What you are asked to do
Retype exactly the lines from the one with "Patio Table With Firepit" down to the final line of the material below, both included, and nothing more.

Data supplied
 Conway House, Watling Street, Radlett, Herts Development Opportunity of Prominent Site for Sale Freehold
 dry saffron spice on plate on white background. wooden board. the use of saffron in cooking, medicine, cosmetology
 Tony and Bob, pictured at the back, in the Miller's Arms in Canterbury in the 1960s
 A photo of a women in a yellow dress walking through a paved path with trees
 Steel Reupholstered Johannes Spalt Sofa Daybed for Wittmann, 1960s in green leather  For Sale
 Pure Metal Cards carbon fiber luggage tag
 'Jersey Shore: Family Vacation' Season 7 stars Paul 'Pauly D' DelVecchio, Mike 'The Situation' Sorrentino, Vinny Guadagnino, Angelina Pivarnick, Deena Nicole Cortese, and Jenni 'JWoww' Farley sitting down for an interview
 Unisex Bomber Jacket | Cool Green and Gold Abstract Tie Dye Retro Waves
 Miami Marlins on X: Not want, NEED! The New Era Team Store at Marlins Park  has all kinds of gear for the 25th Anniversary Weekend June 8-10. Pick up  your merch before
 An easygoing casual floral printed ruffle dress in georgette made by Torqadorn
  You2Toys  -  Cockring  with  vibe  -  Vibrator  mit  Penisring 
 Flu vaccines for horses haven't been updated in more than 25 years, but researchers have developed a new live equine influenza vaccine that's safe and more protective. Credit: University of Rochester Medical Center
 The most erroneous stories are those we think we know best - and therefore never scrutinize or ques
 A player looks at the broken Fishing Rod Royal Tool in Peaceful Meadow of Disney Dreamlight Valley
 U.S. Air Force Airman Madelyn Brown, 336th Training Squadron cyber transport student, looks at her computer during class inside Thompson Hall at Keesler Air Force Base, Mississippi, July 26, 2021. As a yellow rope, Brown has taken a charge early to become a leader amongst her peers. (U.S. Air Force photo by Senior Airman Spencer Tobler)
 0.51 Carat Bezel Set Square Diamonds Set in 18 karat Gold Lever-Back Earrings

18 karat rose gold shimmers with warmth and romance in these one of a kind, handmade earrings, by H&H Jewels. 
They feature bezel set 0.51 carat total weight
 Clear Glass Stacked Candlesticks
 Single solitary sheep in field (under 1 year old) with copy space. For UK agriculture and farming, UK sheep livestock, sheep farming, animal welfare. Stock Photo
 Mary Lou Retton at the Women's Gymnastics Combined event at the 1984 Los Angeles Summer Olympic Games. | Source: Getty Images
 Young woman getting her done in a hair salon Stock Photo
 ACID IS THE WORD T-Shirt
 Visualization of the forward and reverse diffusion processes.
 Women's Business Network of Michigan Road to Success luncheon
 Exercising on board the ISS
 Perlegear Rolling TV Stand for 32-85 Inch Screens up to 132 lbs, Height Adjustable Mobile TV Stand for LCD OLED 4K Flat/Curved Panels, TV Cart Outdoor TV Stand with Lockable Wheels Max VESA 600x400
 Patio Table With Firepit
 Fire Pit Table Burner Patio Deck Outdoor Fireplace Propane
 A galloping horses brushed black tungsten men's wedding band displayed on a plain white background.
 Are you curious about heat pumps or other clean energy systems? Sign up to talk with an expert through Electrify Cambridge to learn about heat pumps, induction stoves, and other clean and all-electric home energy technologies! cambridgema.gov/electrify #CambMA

Reply
 Patio Table With Firepit
 Fire Pit Table Burner Patio Deck Outdoor Fireplace Propane
 A galloping horses brushed black tungsten men's wedding band displayed on a plain white background.
 Are you curious about heat pumps or other clean energy systems? Sign up to talk with an expert through Electrify Cambridge to learn about heat pumps, induction stoves, and other clean and all-electric home energy technologies! cambridgema.gov/electrify #CambMA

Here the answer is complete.